What the exercise asks. Would you restate the listing word for word, with the images omitted?

Exercise data.
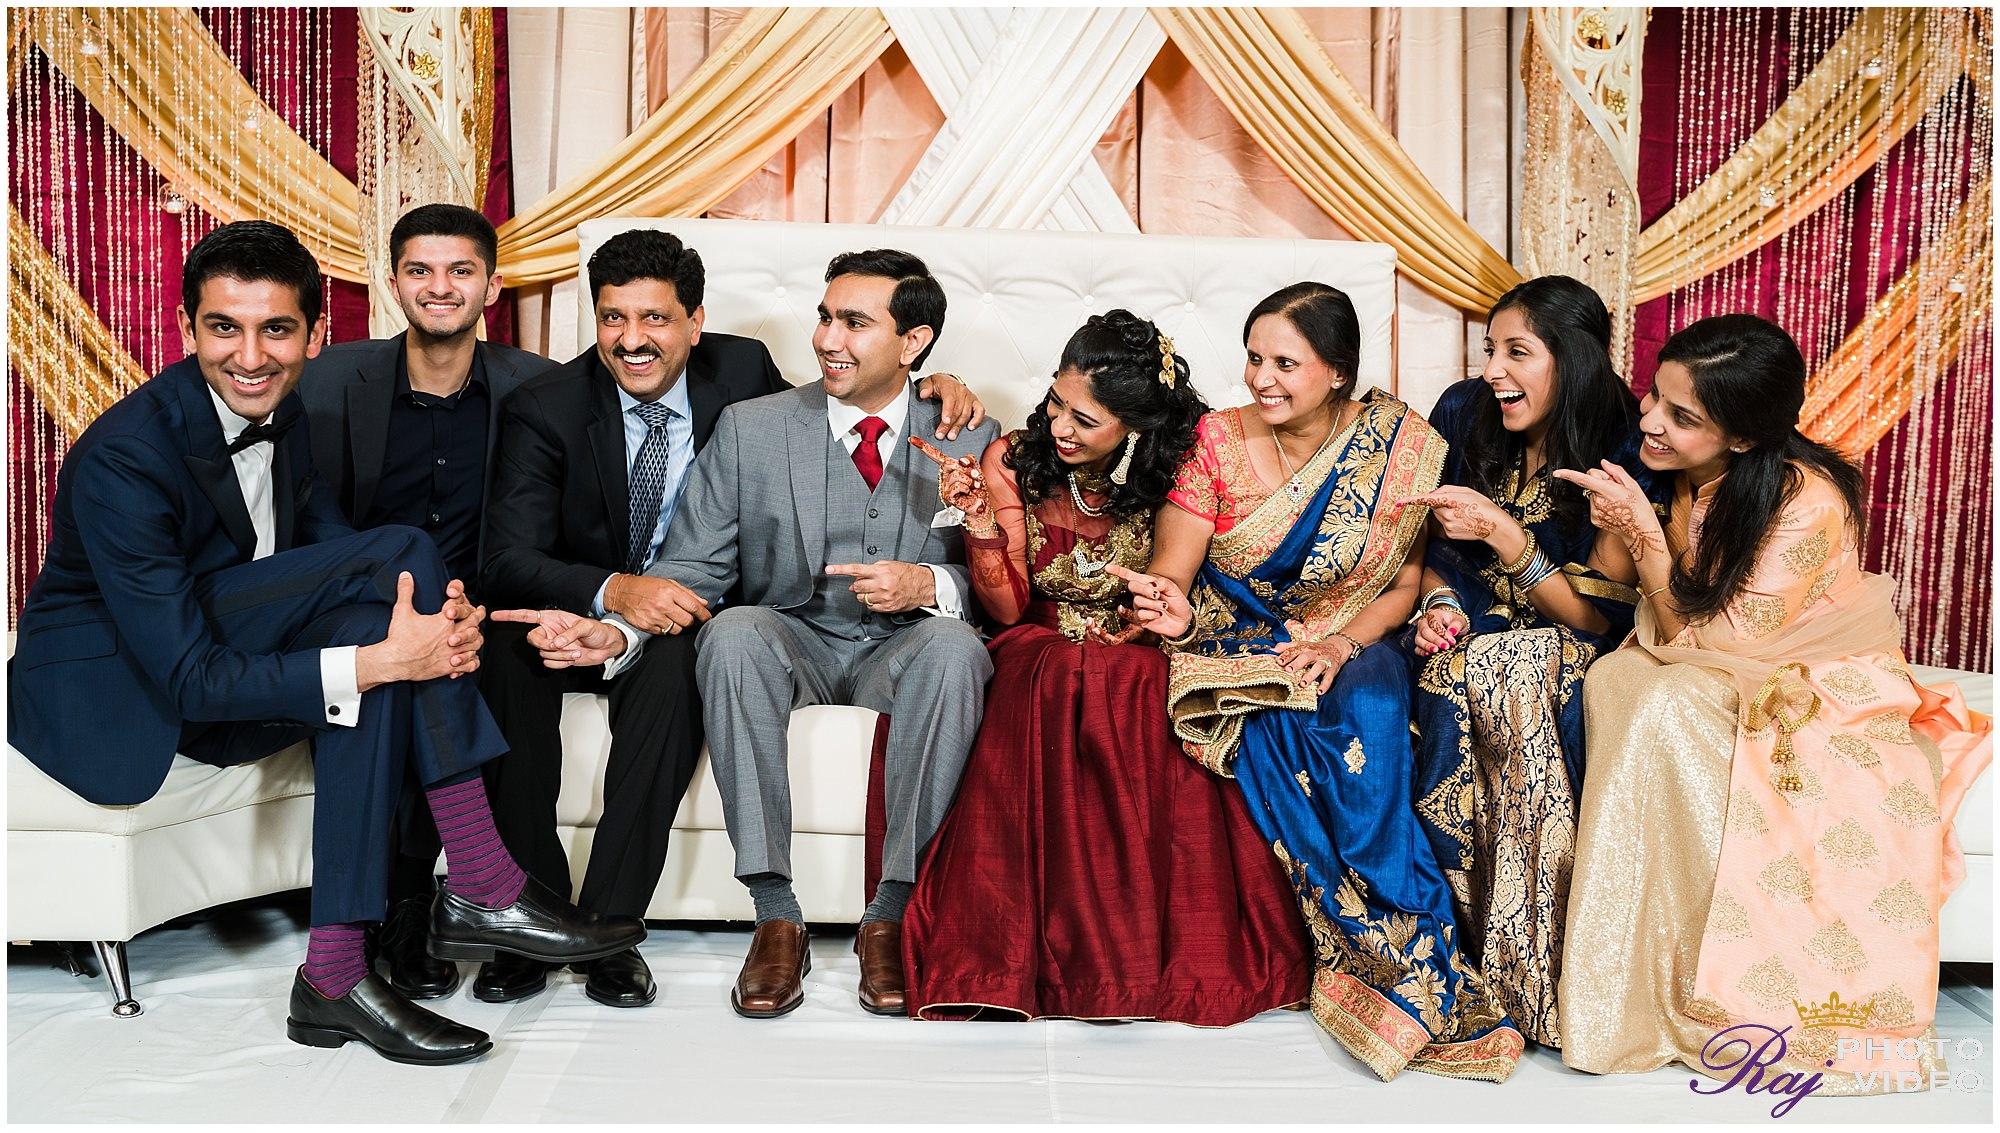 Founders-Inn-and-Spa-Virginia-Beach-VA-Indian-Wedding-Harini-Vivek-91.jpg
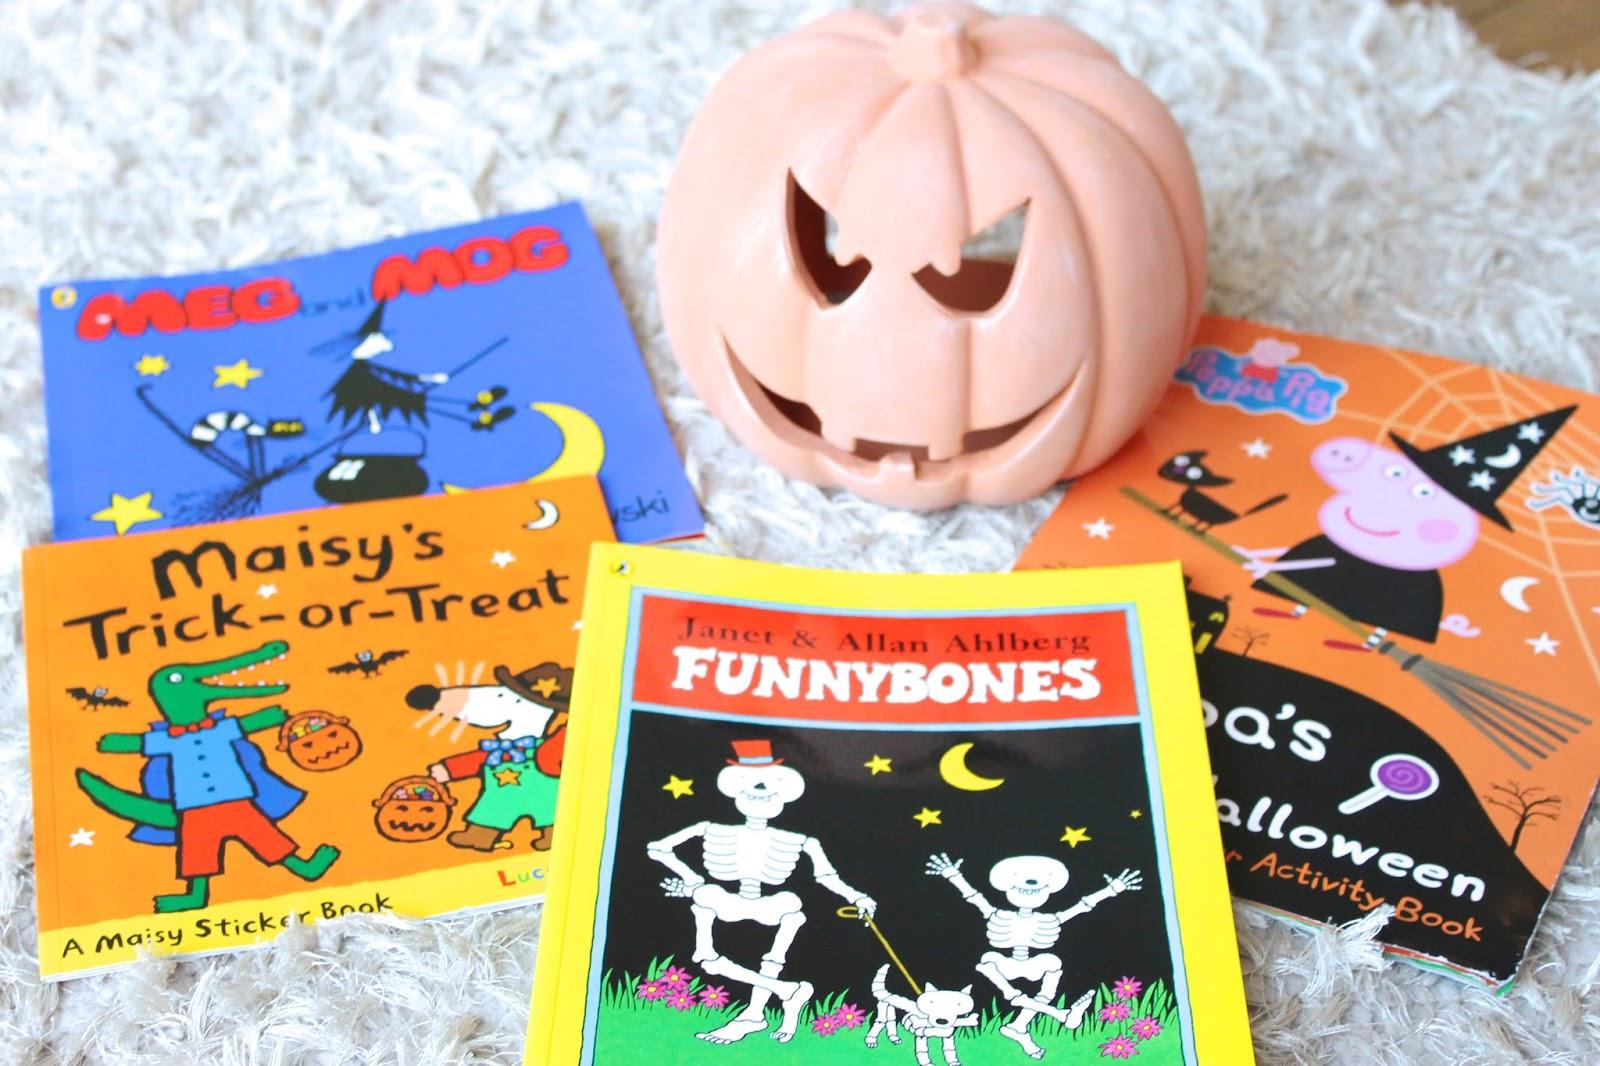 kids books halloween, halloween books, childrens books for halloween, toddler books for halloween
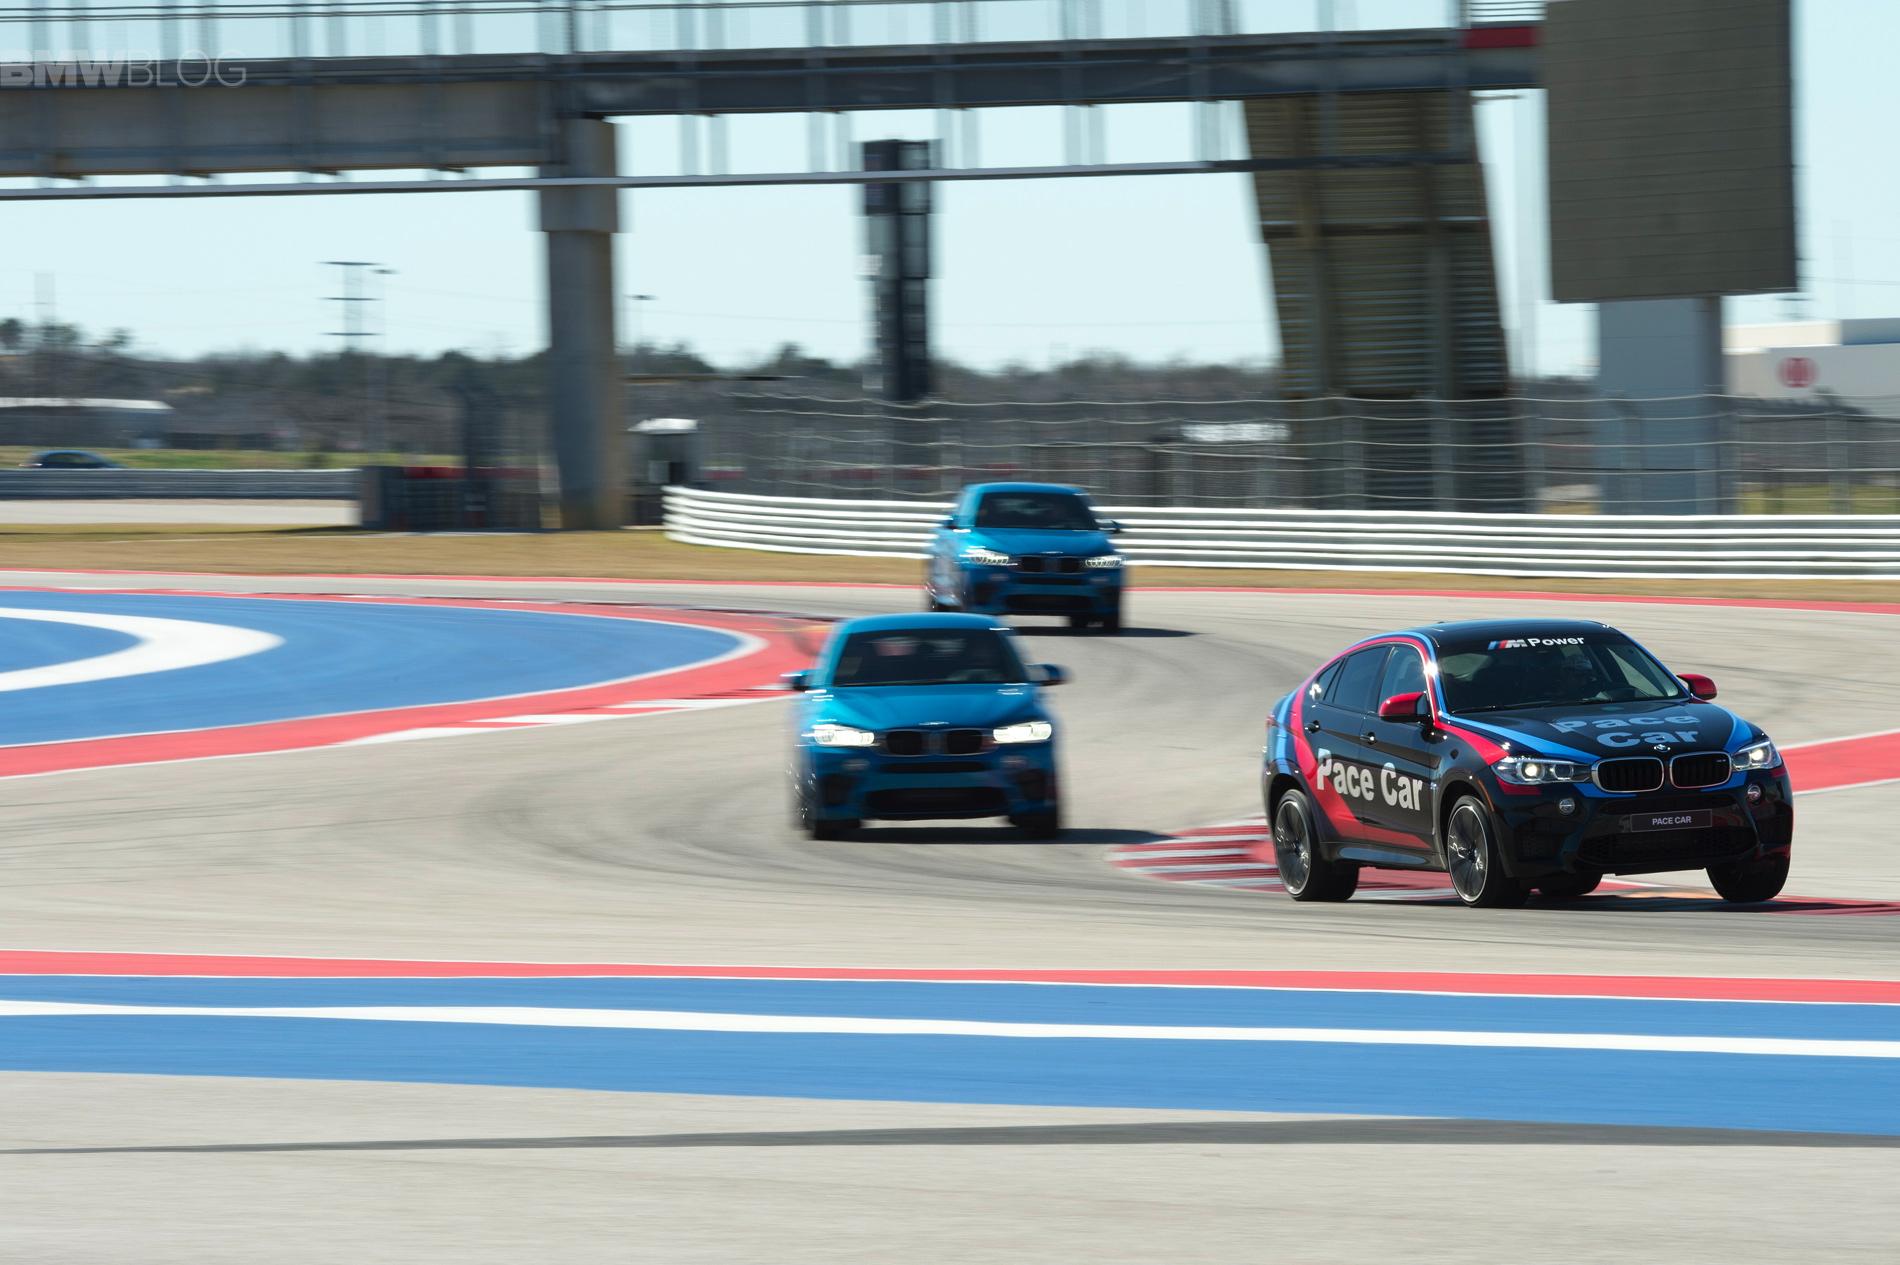 2015 bmw x6 m race track images 14

Response.
 Founders-Inn-and-Spa-Virginia-Beach-VA-Indian-Wedding-Harini-Vivek-91.jpg
 kids books halloween, halloween books, childrens books for halloween, toddler books for halloween
 2015 bmw x6 m race track images 14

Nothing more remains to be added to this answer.